I'm trying to prove that, if $C \subseteq \mathbb{P}^2$ is a smooth plane cubic defined over $\mathbb{Q}$, and $K/\mathbb{Q}$ is a quadratic number field, then $C(K) \ne \emptyset \implies C(\mathbb{Q}) \ne \emptyset$.
My idea was as follows:
Suppose $P \in C(K)$, and so in particular $C$ is an elliptic curve over $K$. Since is $C$ defined over $\mathbb{Q}$, if $P \in C(K)$ then the Galois-conjugate point $\bar{P} \in C(K)$ also.
Let $L$ be the line through $P$ and $\bar{P}$, which is defined over $\mathbb{Q}$ since the midpoint and gradient are rational. The elliptic curve group law gives $P + \bar{P} + Q = 0$, and since $C(K)$ is a subgroup, we have that $Q \in C(K)$ also.

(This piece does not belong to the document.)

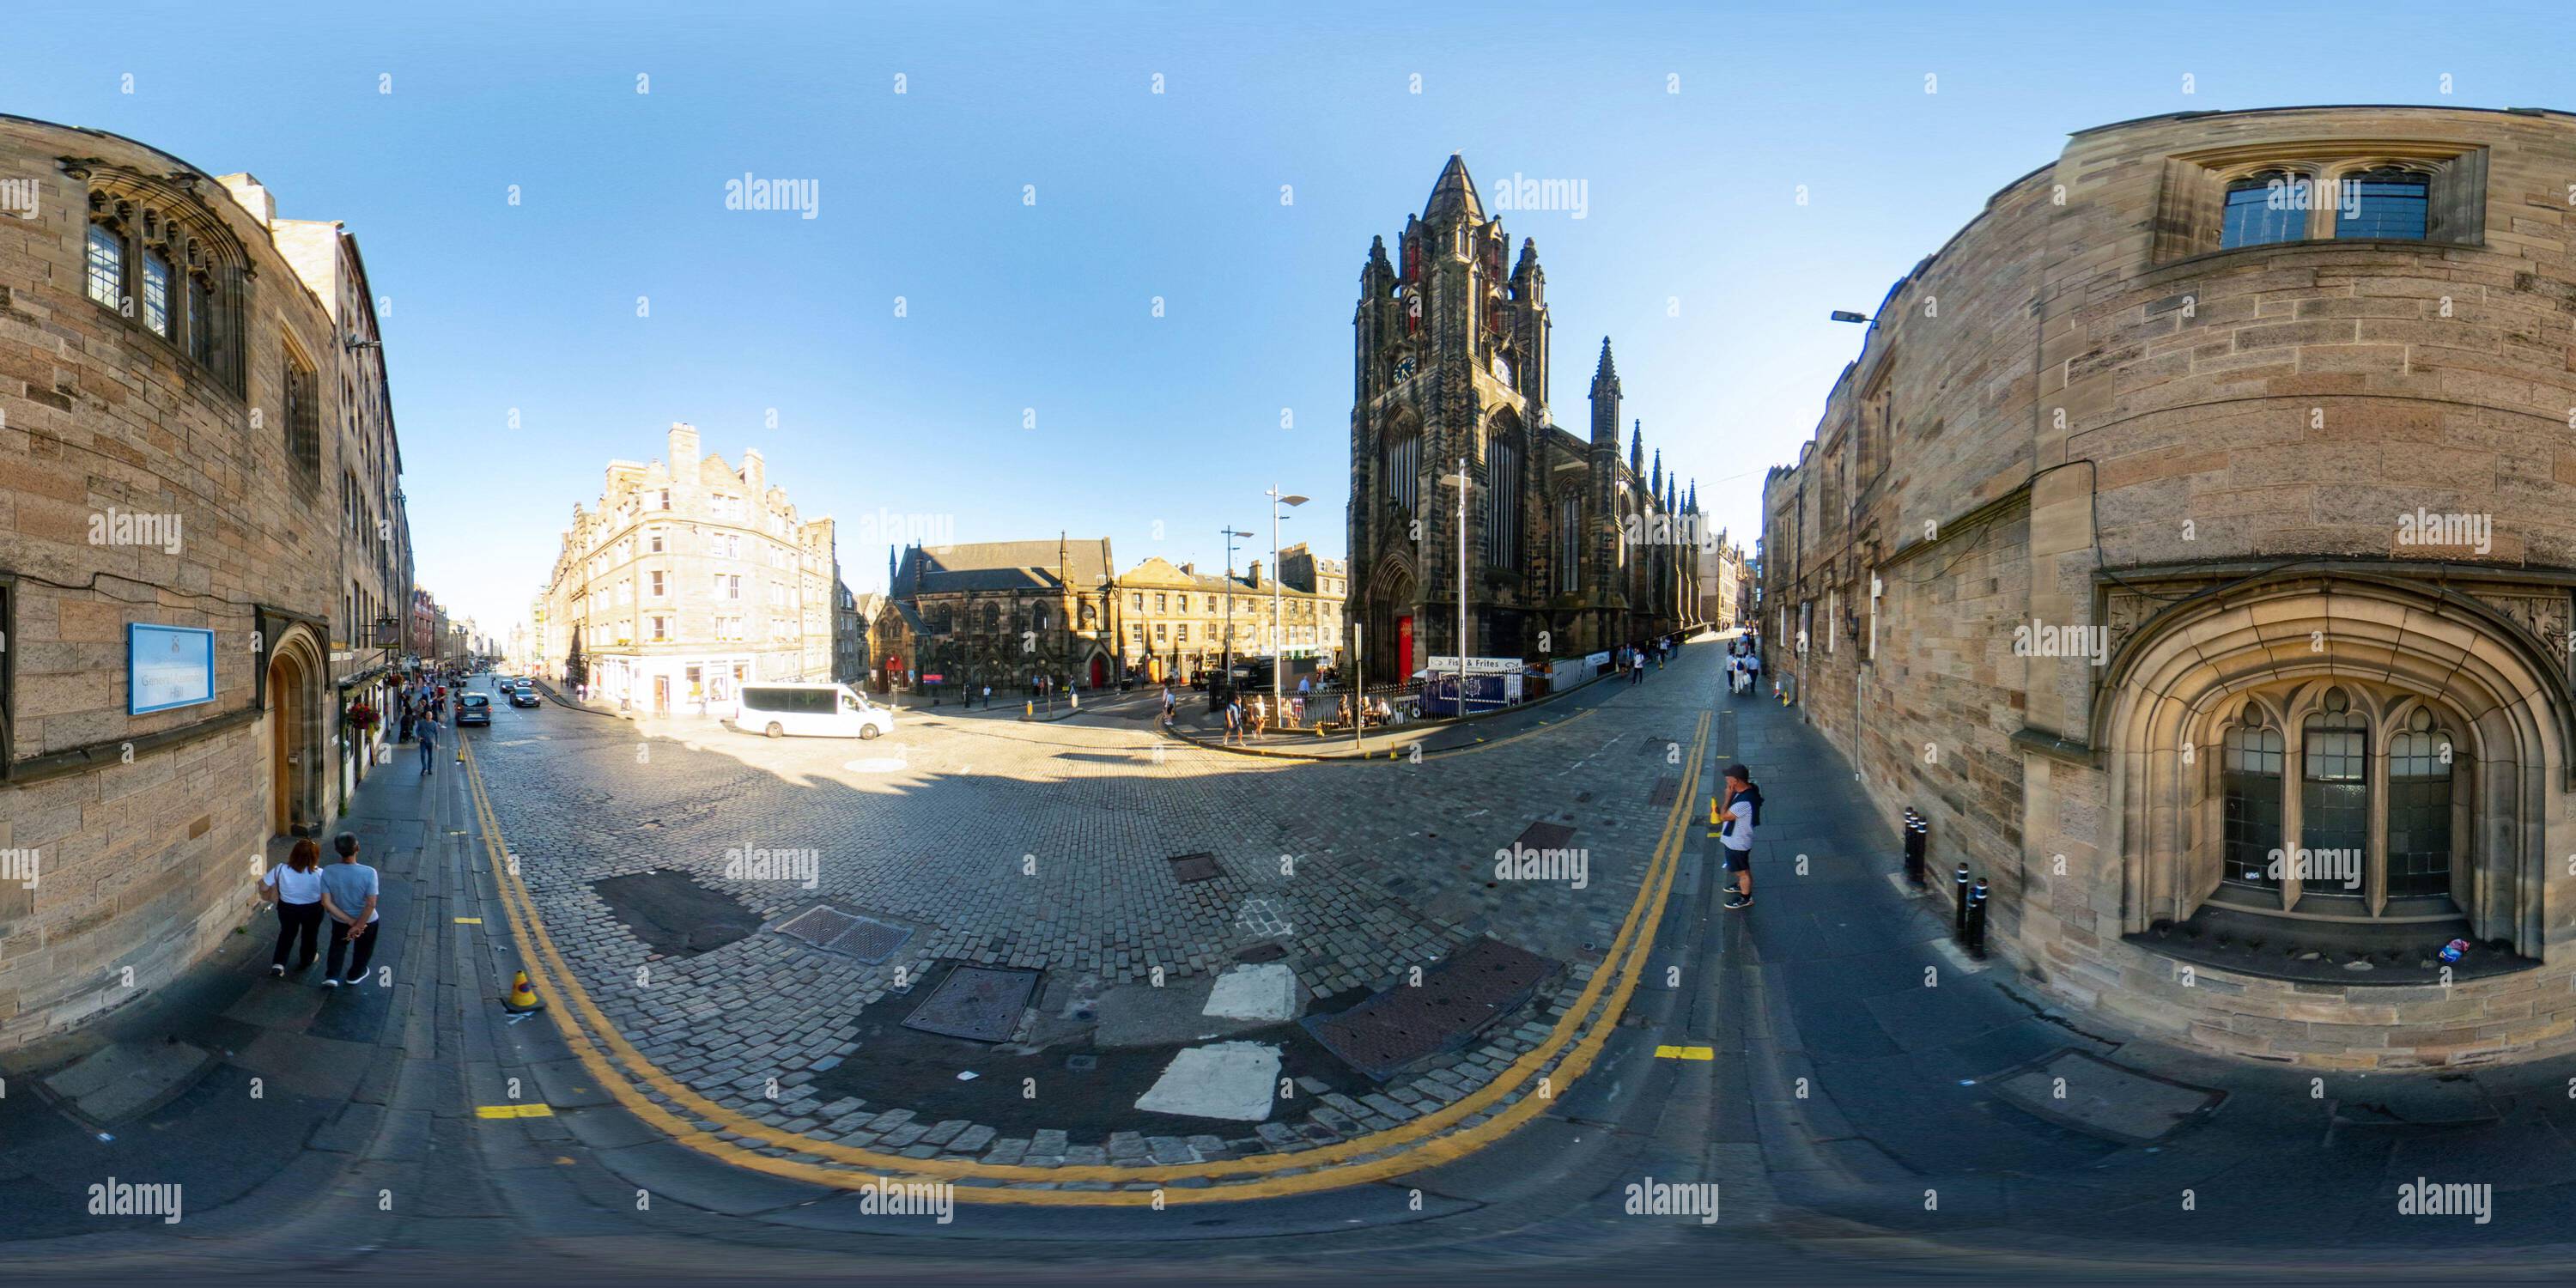 Visualizzazione panoramica a 360 gradi di 360 photo sferico distretto storico Edimburgo Scozia Regno Unito

Since $L$ and $C$ both defined over $\mathbb{Q}$, then $Q \in L \cap C \implies \bar{Q} \in L \cap C$, and so $Q \in \{P, \bar{P}, Q\}$. To conclude we consider what happens in each case:
- If $\bar{Q} = Q$ then $Q$ is rational, done.
- Otherwise, say $Q = P$ wlog, then $P$ intersects $L$ with multiplicity 2. But then considering the Galois action, so does $\bar{P}$. This contradicts Bezout.
My questions are:
Is the proof above correct? I'm fairly new to algebraic/projective geometry so not particularly confident in my reasoning.
Is there a standard proof? I would like to generalise this for degree $n$ extensions for larger $n$. But this approach, even if valid, seems heavily specific to quadratic extensions.
Thank you!